Is the 2022 surge the result of Russia’s invasion of Ukraine? Some, but not nearly as much as I initially thought. The arms transfers you hear about all the time are overwhelmingly funded through military grant programs and not military sales programs.
Because arms sales often take years to fully implement (which is considered in arms sales pricing), I wasn’t exactly sure how to best adjust for inflation. Below, I used a GDP deflator and found that total sales volume in 2022 was only about $20 million more than 2018. Still, the Trump-approved sales during 2018 were when America, according to many foreign policy commentators, was supposedly at its worst. In other words, Trump’s behavior wasn’t supposed to become the new normal. Like with military spending, there’s a lot more Trump-Biden continuity than folks realize.
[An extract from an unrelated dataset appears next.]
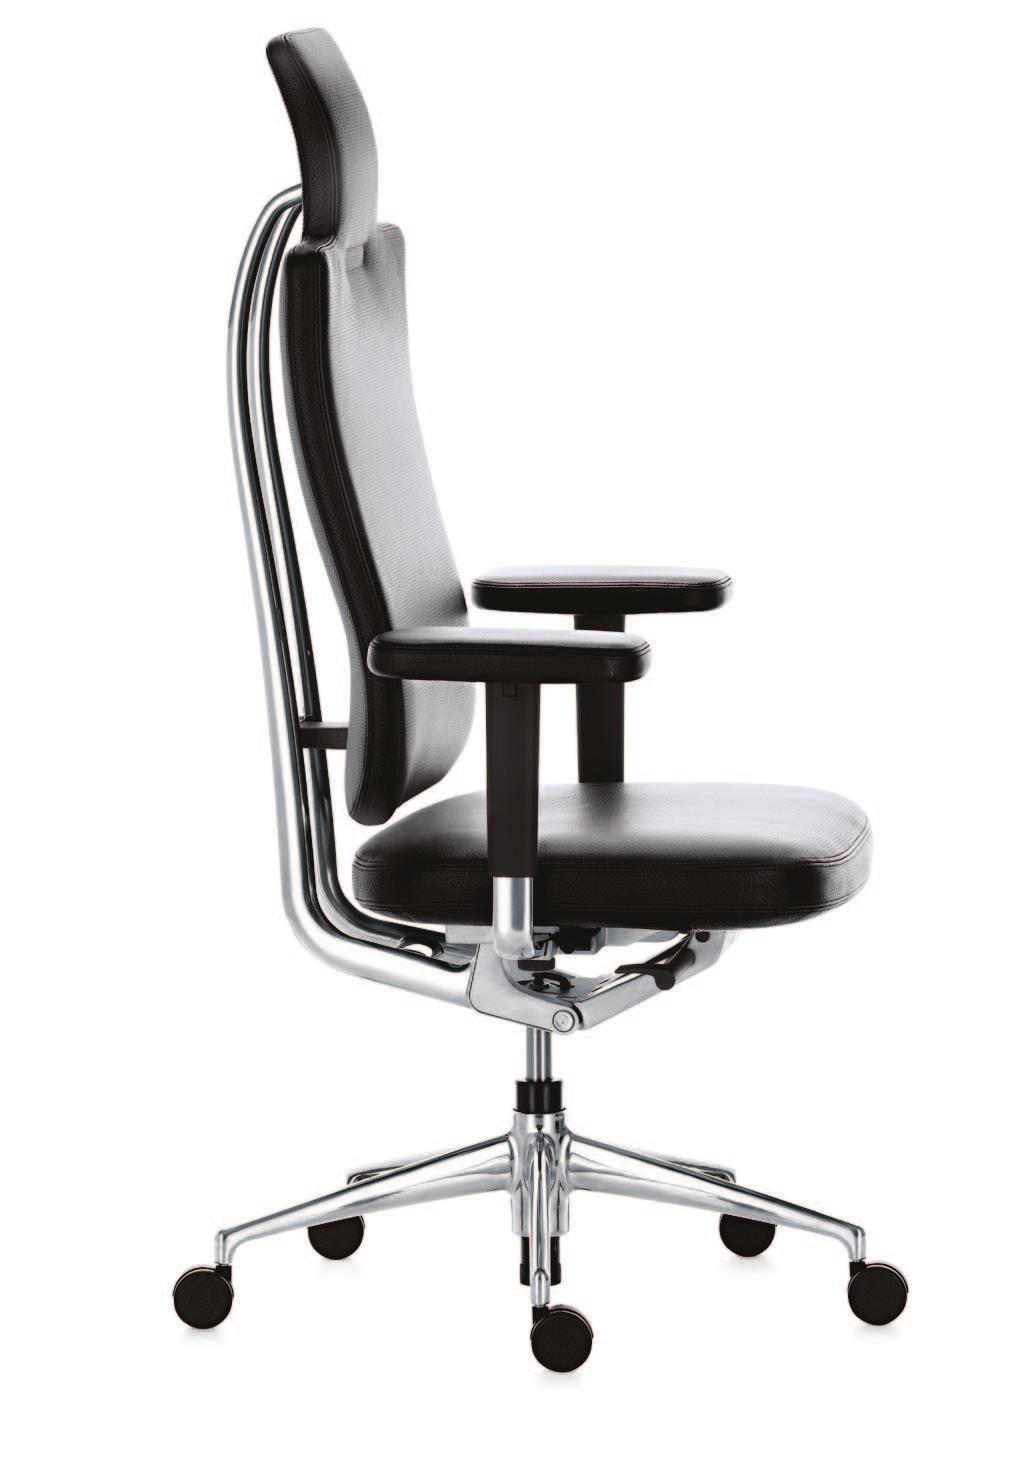 Adjustable height and width of armrests, optional 3D adjustability. Automatic flexibility makes it possible to lean back while the head is supported and the visual angle remains horizontal.

Alt text for screen readers: U.S. arms sales in 2022 surpassed Trump-era highs. This chart has two lines that express total U.S. arms sales from 2016 to 2022. The dotted pink line shows current dollars and the solid purple one shows constant 2022 dollars. Sales in 2022 exceed the previous peak in 2018. Data via Departments of Defense and State, and Congressional Research Service. The GDP deflator comes from Office of Management and Budget Historical Table 10.1, rebaselined to fiscal year 2022.